- [PROBLEM REQUIREMENTS]
Print all the data below exactly, without images.

- [SUPPLIED DATA]

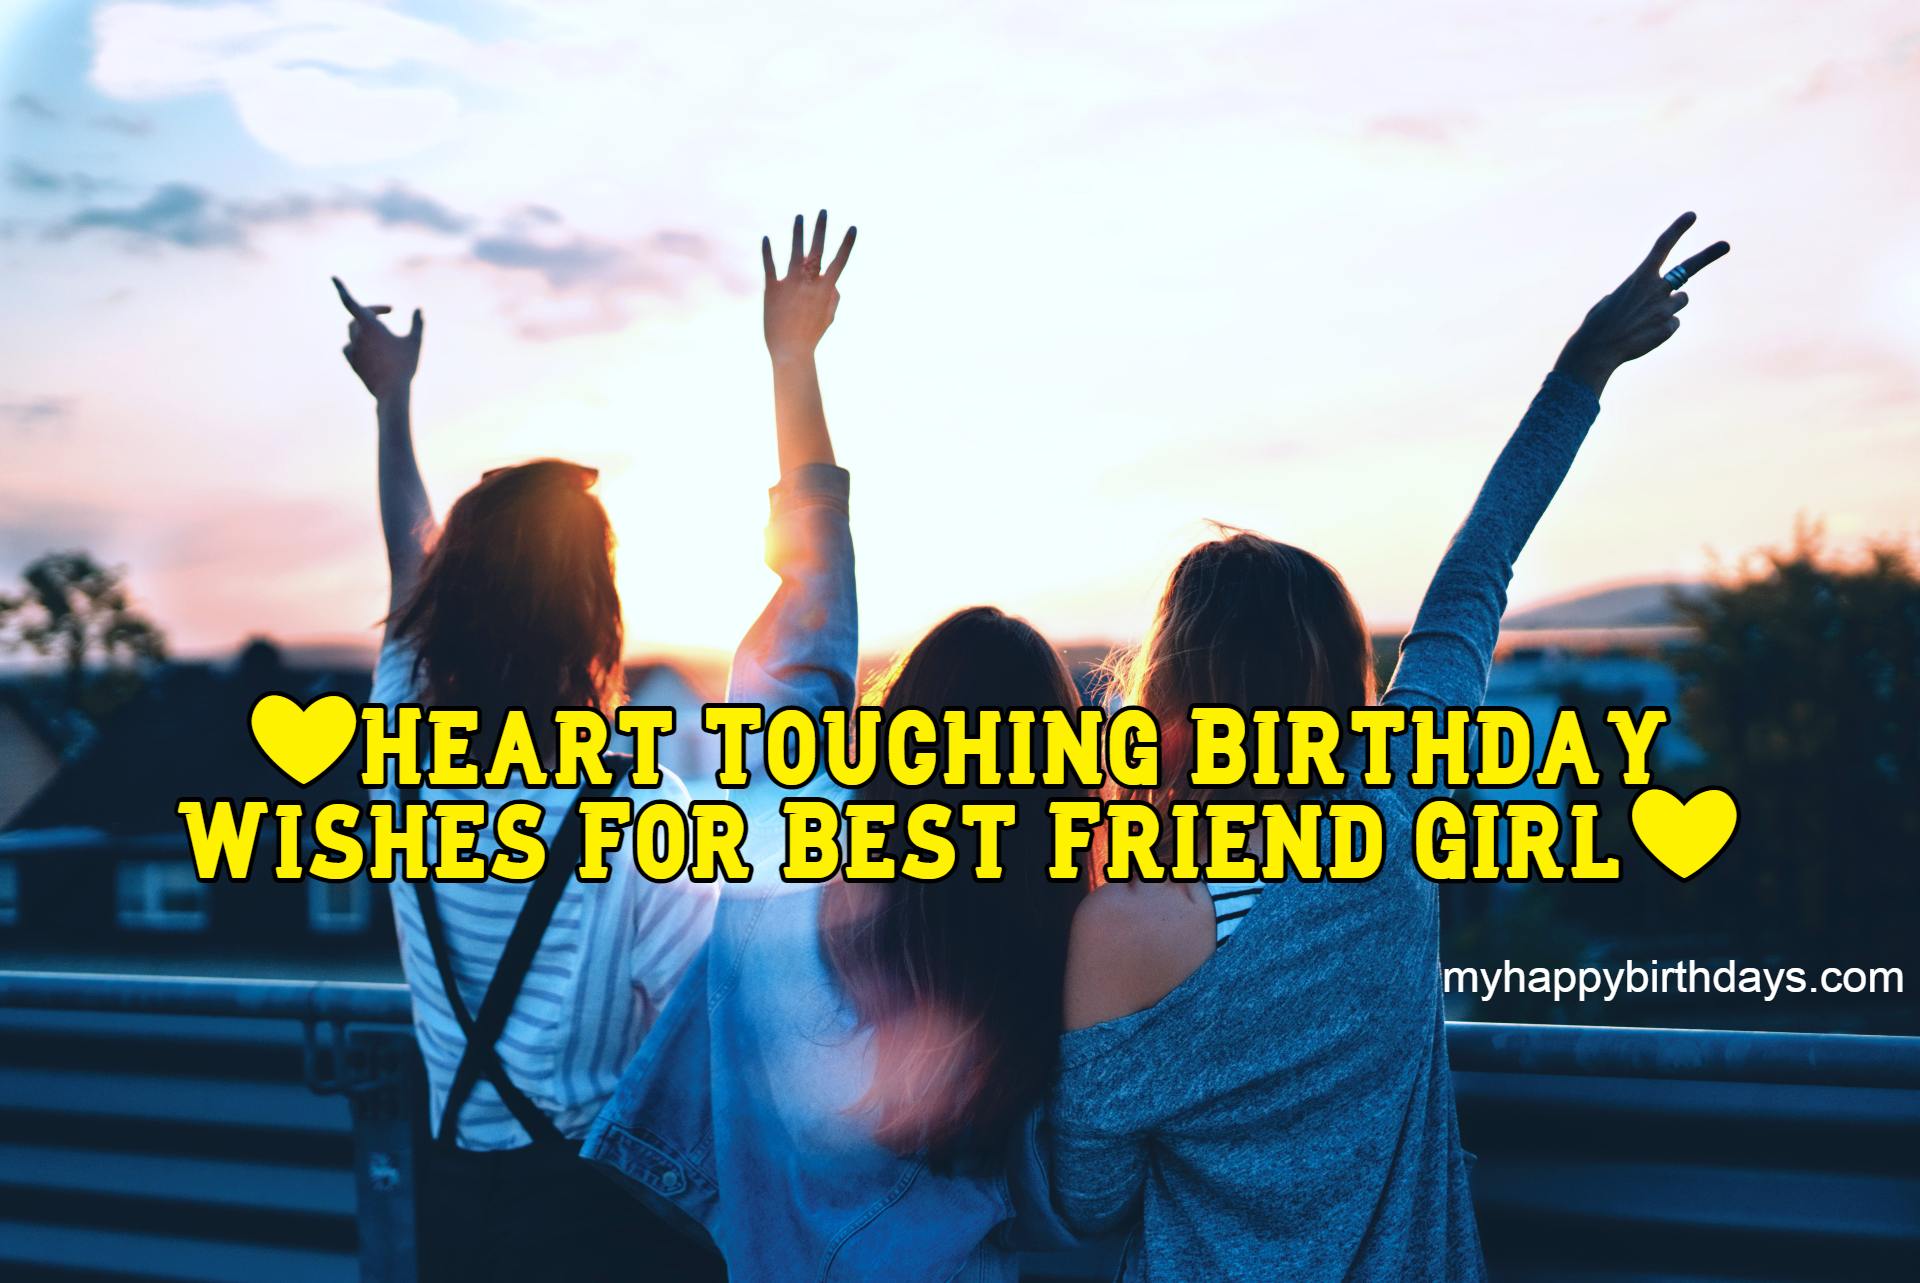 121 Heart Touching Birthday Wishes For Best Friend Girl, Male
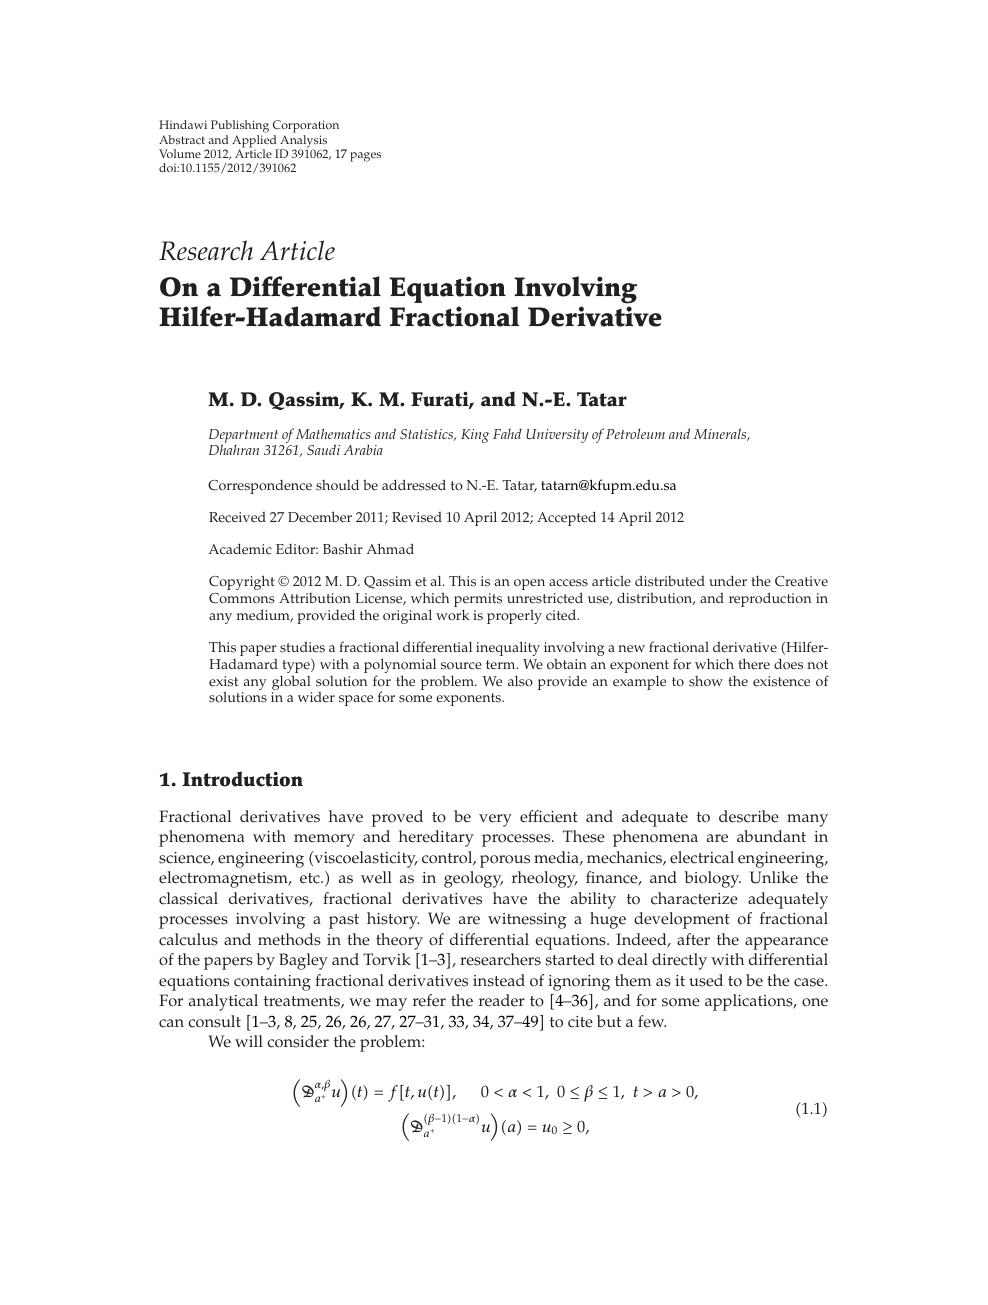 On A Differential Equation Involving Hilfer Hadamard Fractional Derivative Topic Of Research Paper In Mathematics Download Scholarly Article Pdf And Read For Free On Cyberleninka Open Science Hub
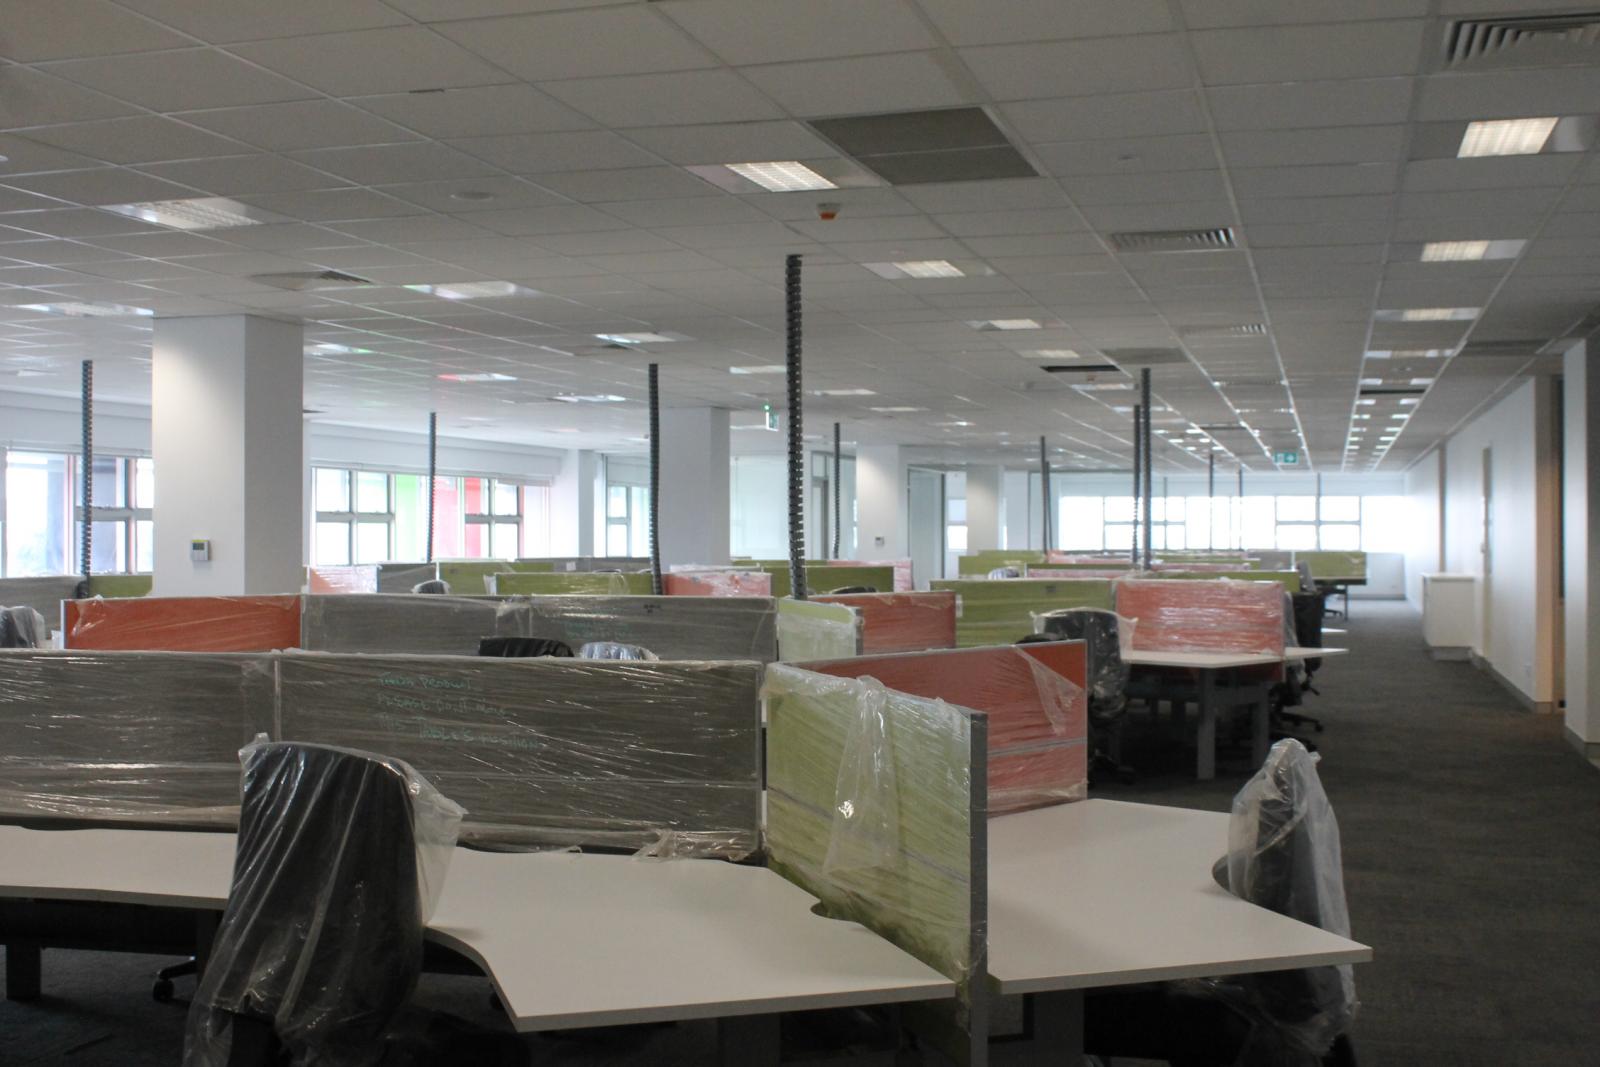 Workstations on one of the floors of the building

- [THE ANSWER]
 121 Heart Touching Birthday Wishes For Best Friend Girl, Male
 On A Differential Equation Involving Hilfer Hadamard Fractional Derivative Topic Of Research Paper In Mathematics Download Scholarly Article Pdf And Read For Free On Cyberleninka Open Science Hub
 Workstations on one of the floors of the building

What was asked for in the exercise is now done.